CFAO-FM
- Alliston, Ontario; Canada;
- Frequency: 94.7 MHz

Programming
- Format: Adult contemporary

Ownership
- Owner: Frank Rogers; (2188301 Ontario Corporation);

History
- First air date: 2009
- Last air date: 2010
- Call sign meaning: Alliston, Ontario

= CFAO-FM =

Former radio station in Alliston, Ontario

CFAO-FM was a radio station that operated at 94.7 FM in Alliston, Ontario, Canada. The station broadcast an adult contemporary format.

Owned by Frank Rogers, on behalf of a corporation to be incorporated the station was licensed on July 28, 2008.

==History==
In 2008, Rogers was licensed to operate a second radio station at Beeton with the callsign CJBT-FM. Not yet on the air, that station had until August 1, 2012, to launch, or face the cancellation of the license.

In 2009, CFAO began on-air testing. It is uncertain when the station officially launched.

As of June 25, 2010, CFAO has been shut down due to economic troubles, which led to the station's eviction from its rented studios; also during these final days of operation, the station was unable to pay wages to its staffers.

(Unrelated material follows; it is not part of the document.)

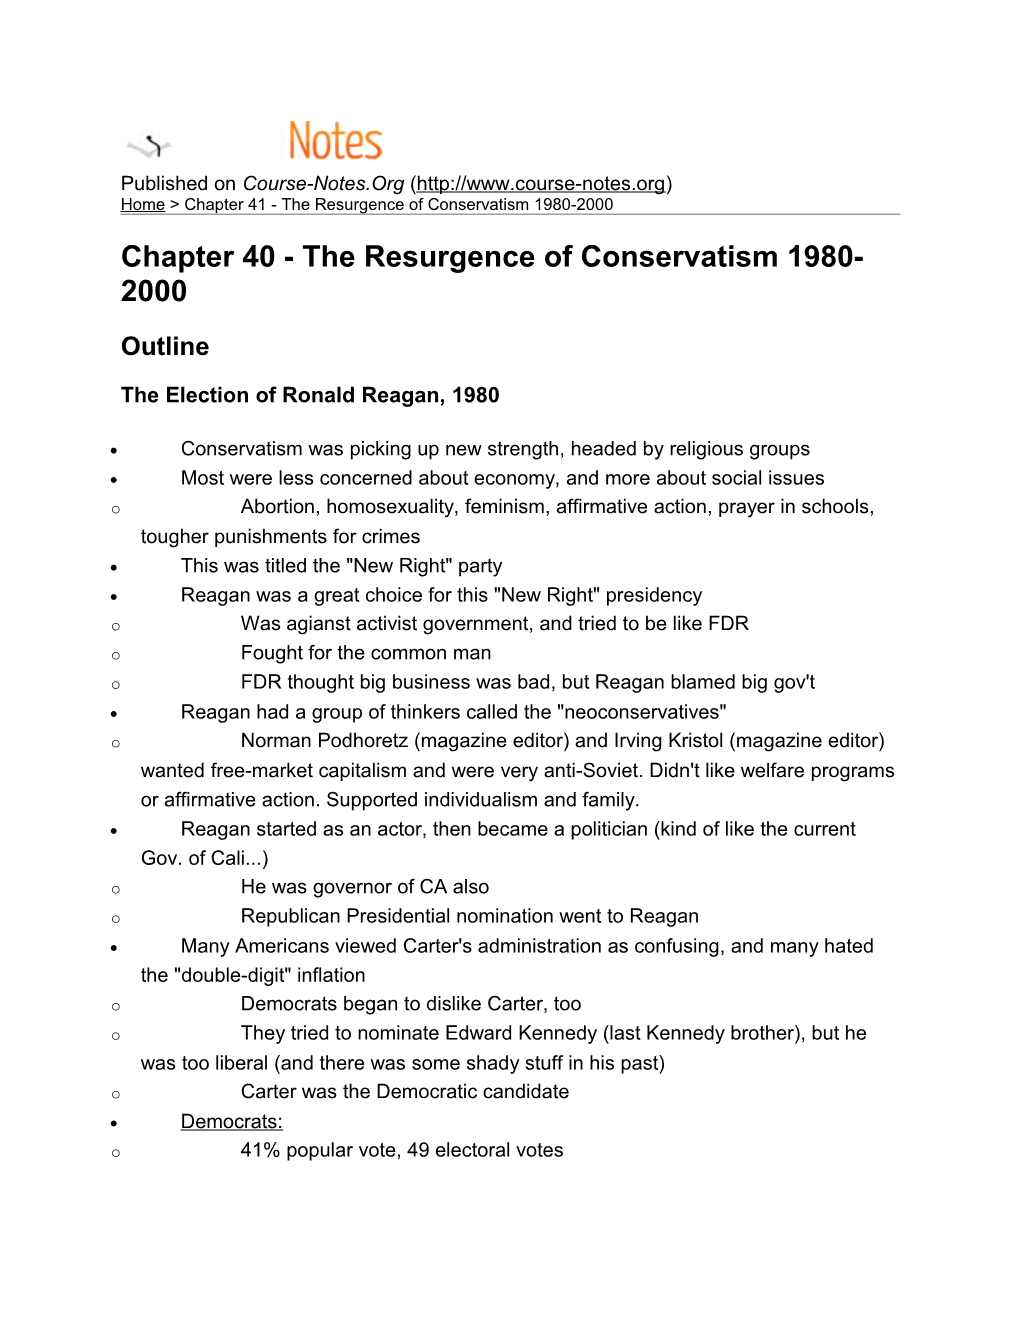 Chapter 40 - the Resurgence of Conservatism 1980-2000

In 2013, Rogers sought renewal of CFAO's license; however, on December 19, 2014, the CRTC denied the station's renewal, citing many violations, including remaining dark since 2011, and failing to meet numerous target dates to resume broadcasting - the most recent being April 1, 2014. An intervention report from My Broadcasting Corporation, owner of competing station CIMA-FM, cited that CFAO was only on the air for 11 months at most.